Though the violence was very rarely instigated by the bands, punk attracted new punters to the Union Hall, some of whom came looking for a fight. When The Screaming Blam-matic Roadshow – a package of groups from the Auckland-based Propeller label – played an Orientation gig in March 1981, Wellington skinheads and boot boys were among the crowd. In an AudioCulture article tour manager Simon Grigg recalls the whole thing deteriorating into a violent brawl in which members of Blam Blam Blam, The Newmatics and Screaming Meemees gave as good as they got, some using their instruments as weapons. That year tensions around the impending Springbok tour added to the volatility.
The Nesbitt brothers were on hand if there was any trouble. Usually, their mere presence was enough to dissuade would-be scrappers. “Though I’ve got to admit it,” towering and tattooed Rob Nesbitt once confessed, “when we started to get the punks, the ones with all the metal, safety pins and that, when you get them in a headlock, you’d just give them a tweak and they’d bleed like hell. From the eyebrows!”
In a post-punk world, the Union Hall would continue to host leading-edge acts. The Fall played there in 1982, with locals Naked Spots Dance opening. (A six-disc box set of live Fall recordings from this period includes several tracks from this tour, with at least one from the Union Hall.) The following year, The Birthday Party – on the brink of disintegration amid drug habits and internal friction – rallied to play a legendary set. In 1985 the Topp Twins teamed up with Midnight Oil’s Peter Garrett for an evening of anti-nuclear agitation, and the following year the Students Association joined with TVNZ’s Radio With Pictures to promote a concert by the country’s most political reggae bands: Herbs, Aotearoa and Dread Beat & Blood. Several South Island bands from the Flying Nun convent – Sneaky Feelings, the Verlaines, the Bats, the Chills – stopped by, as did a string of international visitors including Billy Bragg, The Go-Betweens and Schnell Fenster, Violent Femmes, The Mad Professor, Throwing Muses, and Pop Will Eat Itself.
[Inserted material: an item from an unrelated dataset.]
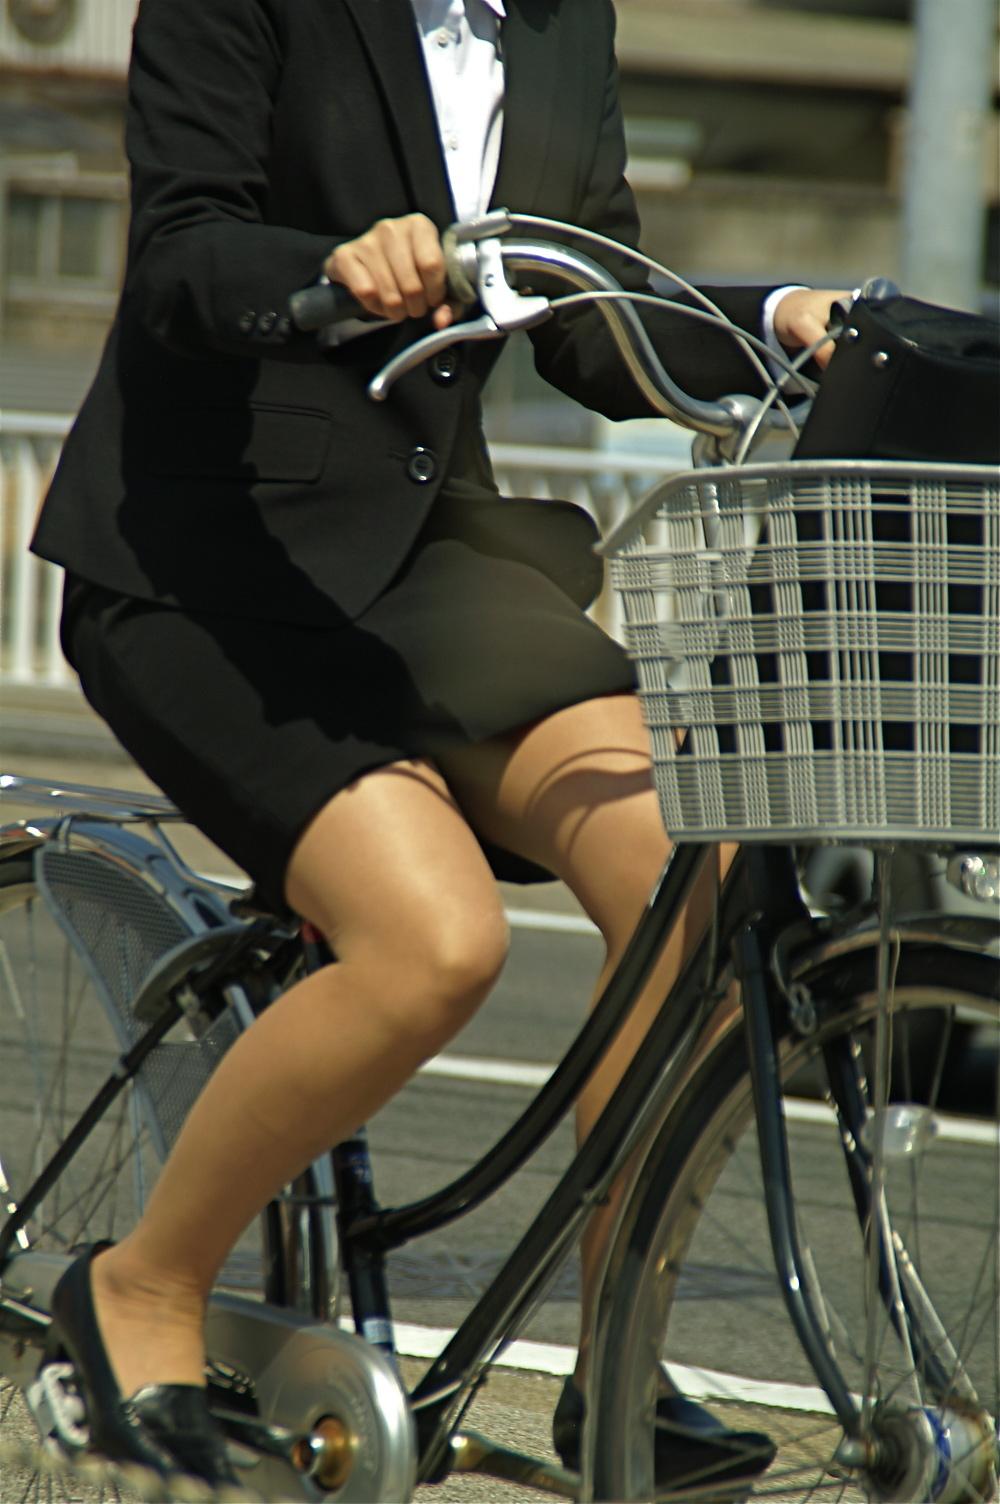 まんまと三角パンチラした自転車OL盗撮エロ画像5枚目
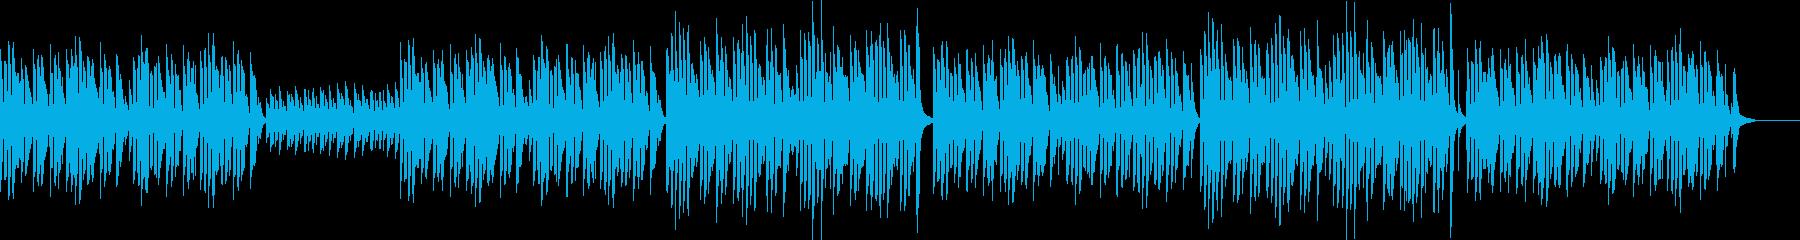 bpm096 キッズTikTok可愛い笛の再生済みの波形

But by the early 90s student culture had undergone a sea change. The neoliberal reforms of the 80s and introduction of user-pays education encouraged students to see themselves as “clients” rather than a community. Radio Active, the student station which had begun in 1976 and been an important promoter of campus concerts, parted with the Students Association in 1992 to become a private, semi-commercial broadcaster. That same year the Student Arts Council was dissolved. As the decade wore on, the lowering of drinking ages and a raft of new media competed for students’ leisure time.
What’s more, the requirements of a resource consent, introduced after legal action was taken by an irritable campus neighbour, saw a reduction in the number of shows allowed in the hall. There were still some memorable ones: Fugazi in 1997, The Shins in 2005, NOFX in 2007. But live music ceased to be the vital part of university life it had been in the 70s and 80s. In 2011 perhaps the last great Orientation package brought MGMT, De La Soul and Unknown Mortal Orchestra to the hall.
The following year, legislation introduced by the Act Party removed compulsory student body membership, drastically reshaping the Students’ Association’s budgets and decimating its ability to promote events. The hall has continued to host the occasional concert. Marlon Williams in 2018 and Aldous Harding the following year saw teenagers swaying side by side with sixty-somethings who had frequented the hall in the 70s. But current constraints make it difficult to mount the kind of shows there that today’s students might rally to.